▶ _Work item_
In the records that follow, find the line with "Osprey Fairview 40 - Black/Blk, Black"; from there, retype every line exactly through the line with "Dr. Matthias Postina", which also belongs to the answer.

▶ _Input records_

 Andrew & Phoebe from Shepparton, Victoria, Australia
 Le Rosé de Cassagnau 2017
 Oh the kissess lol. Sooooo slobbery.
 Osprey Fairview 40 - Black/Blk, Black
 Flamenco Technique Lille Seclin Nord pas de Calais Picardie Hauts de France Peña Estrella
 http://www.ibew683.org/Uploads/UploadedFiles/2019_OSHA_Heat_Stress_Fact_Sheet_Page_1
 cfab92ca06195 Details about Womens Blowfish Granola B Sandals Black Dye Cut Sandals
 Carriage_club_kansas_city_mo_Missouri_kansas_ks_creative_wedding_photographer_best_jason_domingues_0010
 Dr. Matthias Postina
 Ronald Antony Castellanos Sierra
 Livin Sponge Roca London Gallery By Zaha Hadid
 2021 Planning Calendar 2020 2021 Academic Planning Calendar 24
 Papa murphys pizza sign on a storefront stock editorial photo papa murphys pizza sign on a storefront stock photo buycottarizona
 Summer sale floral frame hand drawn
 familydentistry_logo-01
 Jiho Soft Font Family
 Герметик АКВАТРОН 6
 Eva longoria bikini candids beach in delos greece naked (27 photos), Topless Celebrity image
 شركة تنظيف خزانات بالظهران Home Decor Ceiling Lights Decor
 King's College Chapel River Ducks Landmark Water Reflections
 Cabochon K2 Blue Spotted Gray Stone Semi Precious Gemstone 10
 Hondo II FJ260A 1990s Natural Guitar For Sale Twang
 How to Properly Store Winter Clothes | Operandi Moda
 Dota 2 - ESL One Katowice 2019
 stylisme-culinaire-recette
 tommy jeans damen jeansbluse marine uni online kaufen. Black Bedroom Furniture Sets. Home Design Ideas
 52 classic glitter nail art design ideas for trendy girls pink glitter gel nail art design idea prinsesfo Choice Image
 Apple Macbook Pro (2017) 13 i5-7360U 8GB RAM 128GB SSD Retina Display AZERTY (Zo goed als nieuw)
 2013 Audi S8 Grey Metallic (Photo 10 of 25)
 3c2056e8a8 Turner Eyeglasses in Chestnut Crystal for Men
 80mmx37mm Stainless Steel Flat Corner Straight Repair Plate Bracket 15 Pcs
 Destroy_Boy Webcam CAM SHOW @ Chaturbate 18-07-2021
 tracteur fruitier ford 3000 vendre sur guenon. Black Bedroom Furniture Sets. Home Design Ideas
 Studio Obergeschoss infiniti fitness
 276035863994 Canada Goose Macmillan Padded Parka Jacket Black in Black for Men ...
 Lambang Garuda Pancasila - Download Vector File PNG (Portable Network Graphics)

▶ _Result_
 Osprey Fairview 40 - Black/Blk, Black
 Flamenco Technique Lille Seclin Nord pas de Calais Picardie Hauts de France Peña Estrella
 http://www.ibew683.org/Uploads/UploadedFiles/2019_OSHA_Heat_Stress_Fact_Sheet_Page_1
 cfab92ca06195 Details about Womens Blowfish Granola B Sandals Black Dye Cut Sandals
 Carriage_club_kansas_city_mo_Missouri_kansas_ks_creative_wedding_photographer_best_jason_domingues_0010
 Dr. Matthias Postina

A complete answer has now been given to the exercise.